### PROBLEM
From the first line to the last, set down the material exactly, leaving out its pictures.

----- DATA PROVIDED -----

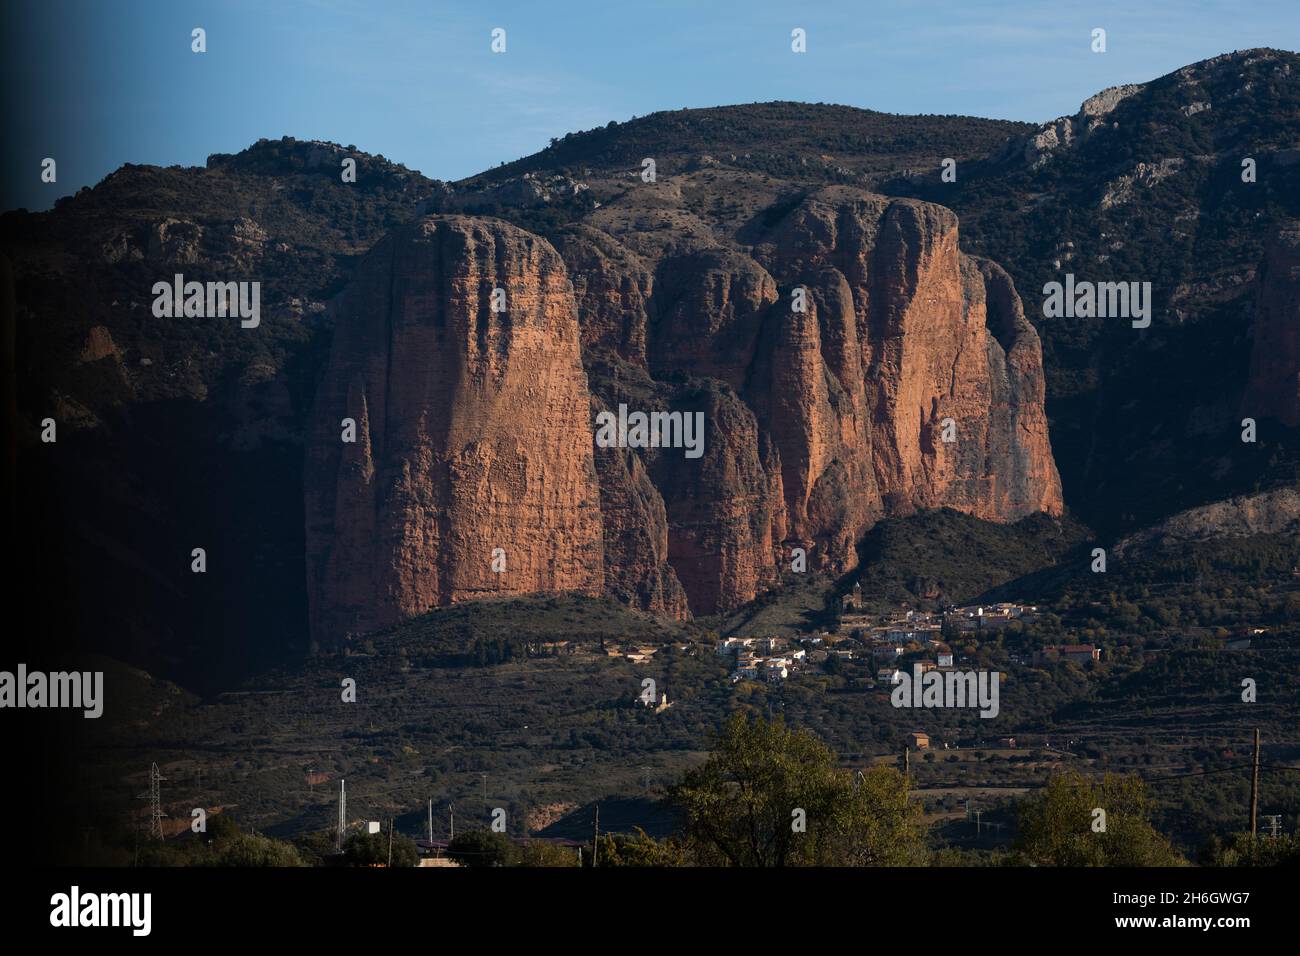 Landscape of Los Mallos de Riglos, or Mallets of Riglos, a huge conglomerate of rock formations, in the Hoya de Huesca region, Aragon, Spain Stock Photo
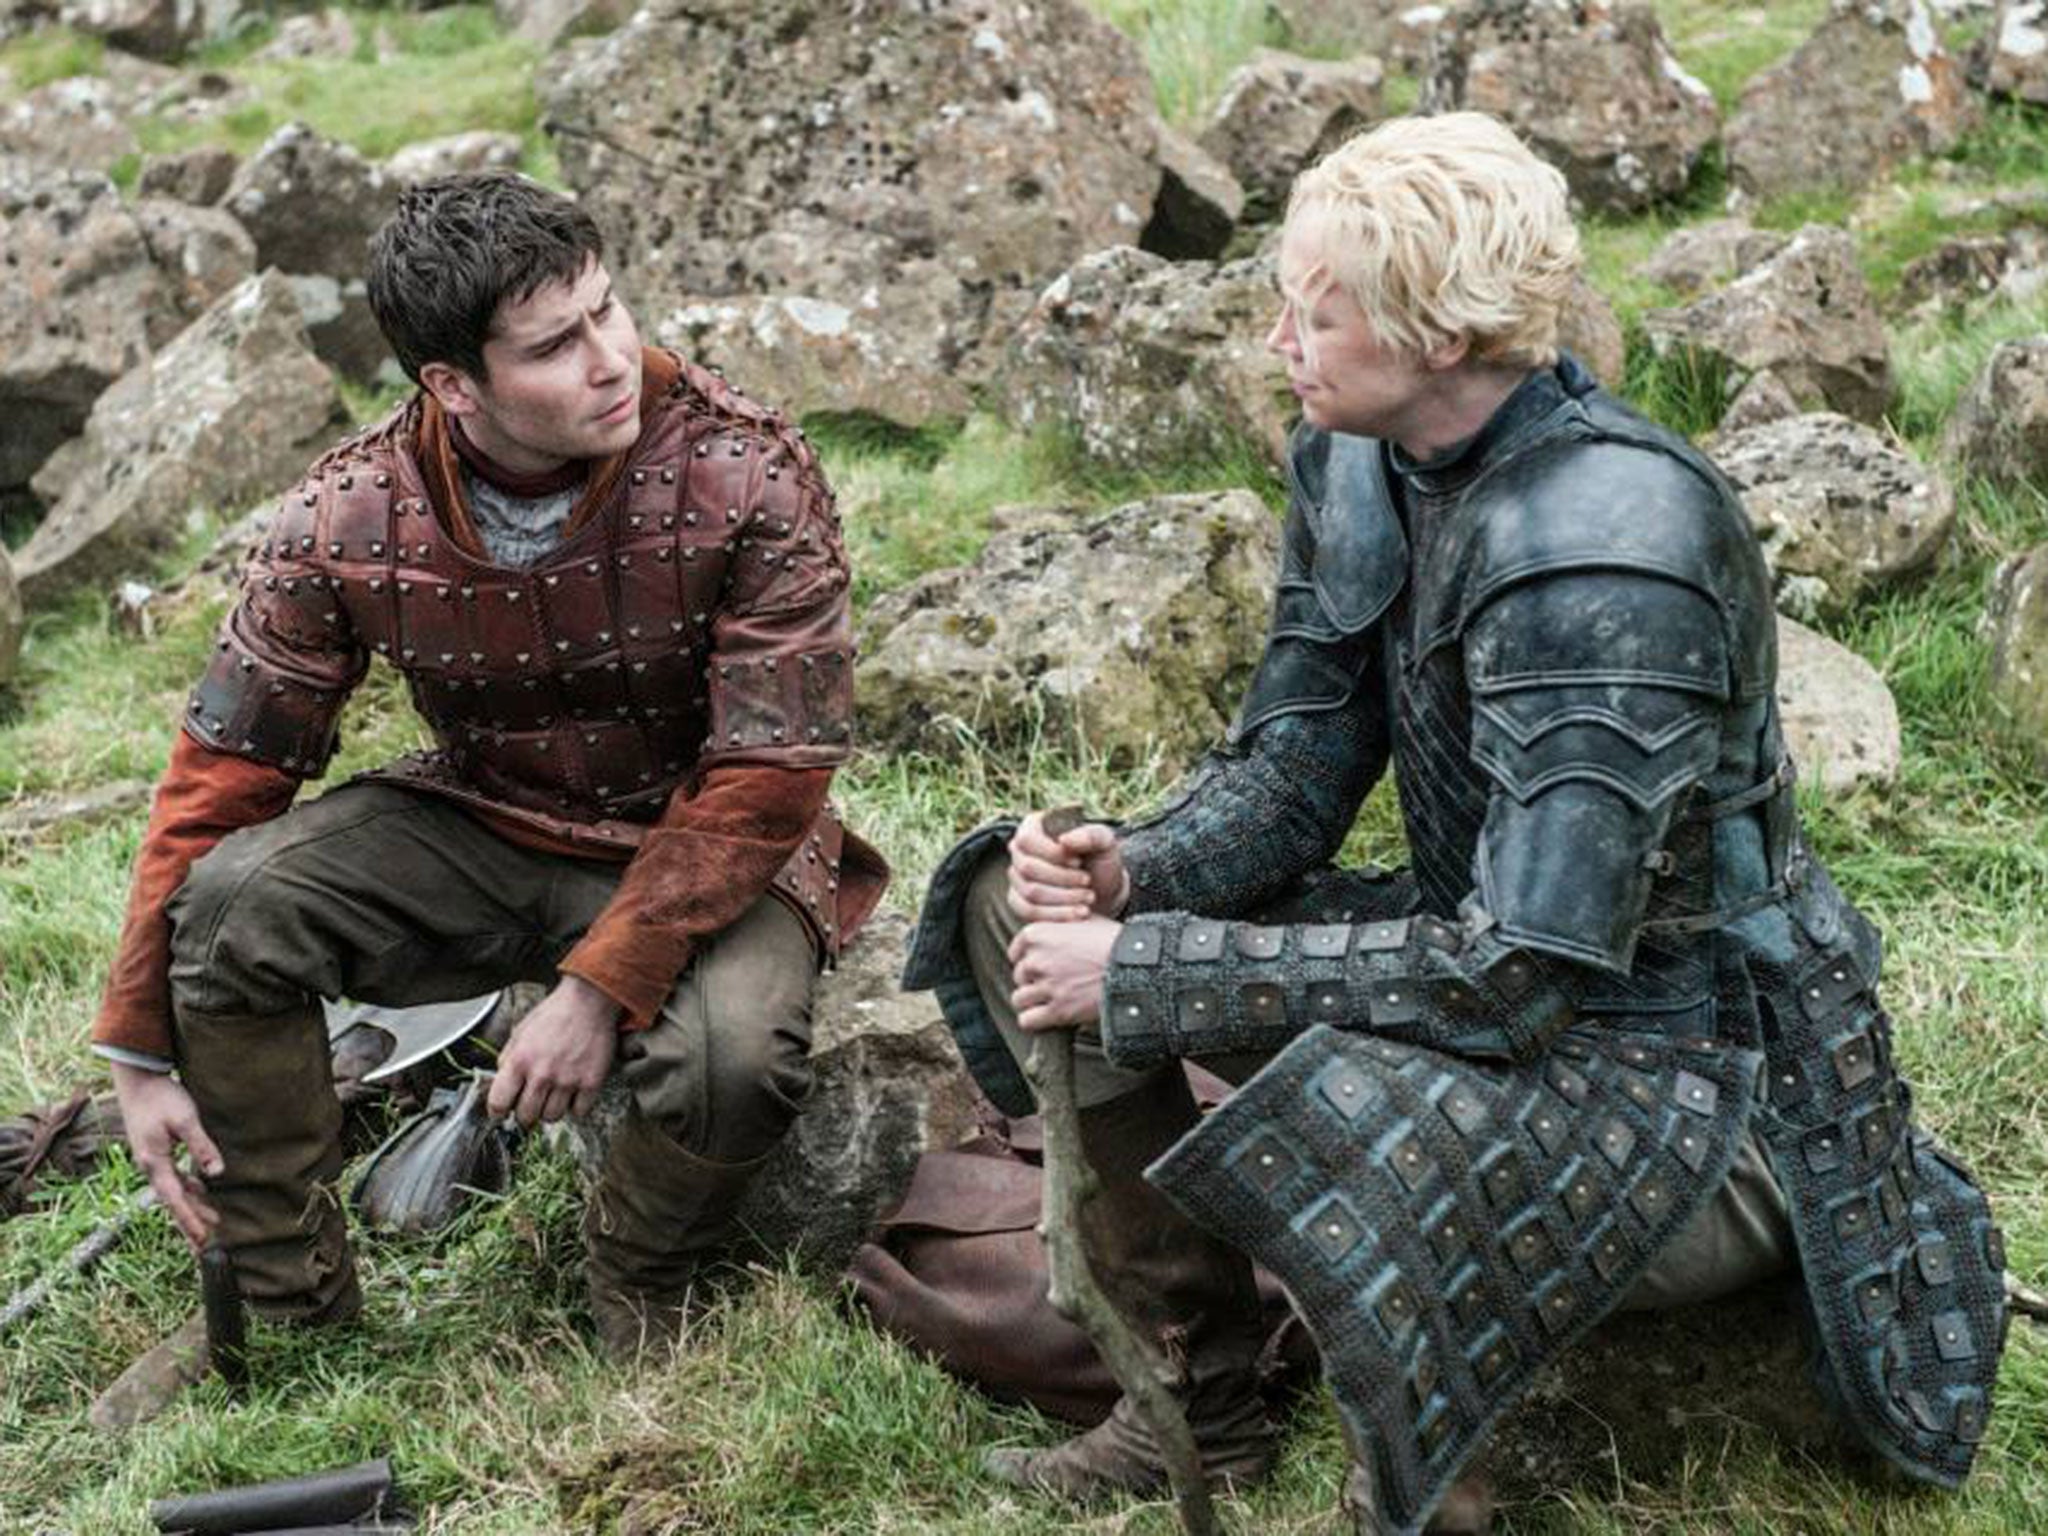 Daniel Portman as Podrick Payne and Gwendoline Christie as Brienne of Tarth in Game of Thrones
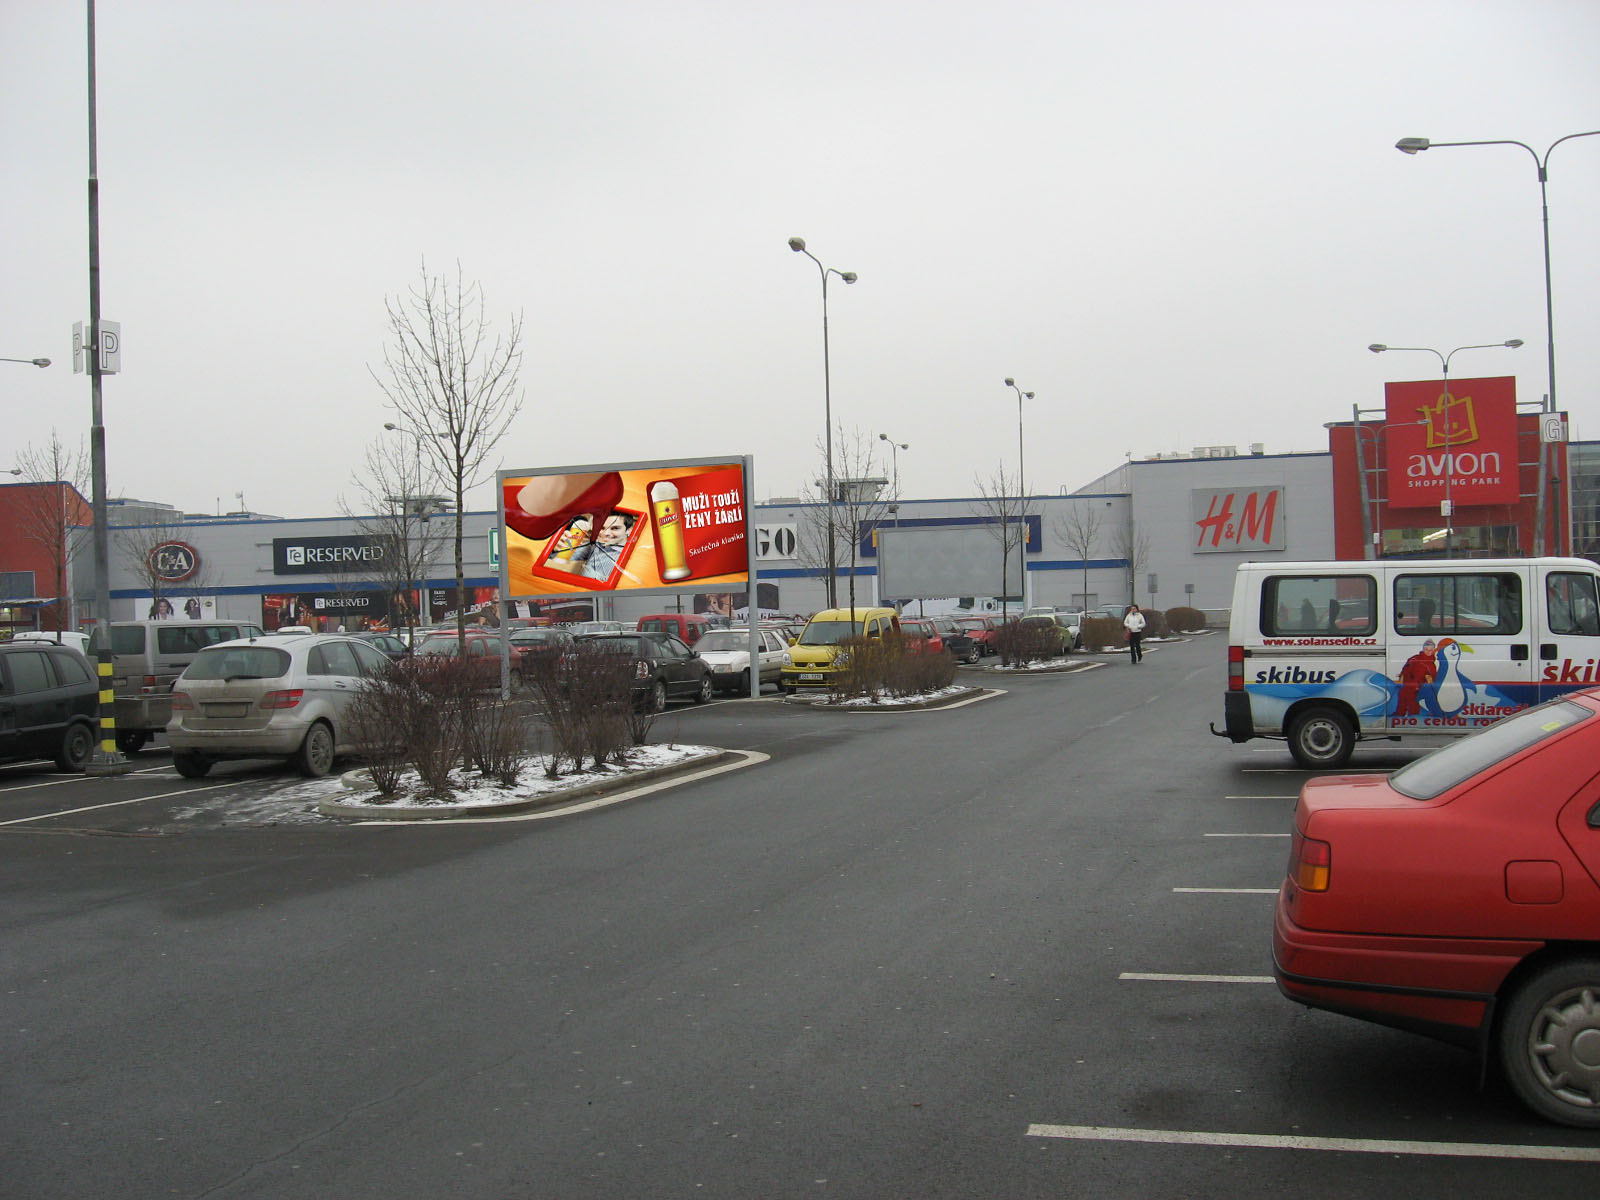 871118 Billboard, Ostrava (OC AVION Shopping Park Ostrava)

-----

### TASK SOLUTION
 Landscape of Los Mallos de Riglos, or Mallets of Riglos, a huge conglomerate of rock formations, in the Hoya de Huesca region, Aragon, Spain Stock Photo
 Daniel Portman as Podrick Payne and Gwendoline Christie as Brienne of Tarth in Game of Thrones
 871118 Billboard, Ostrava (OC AVION Shopping Park Ostrava)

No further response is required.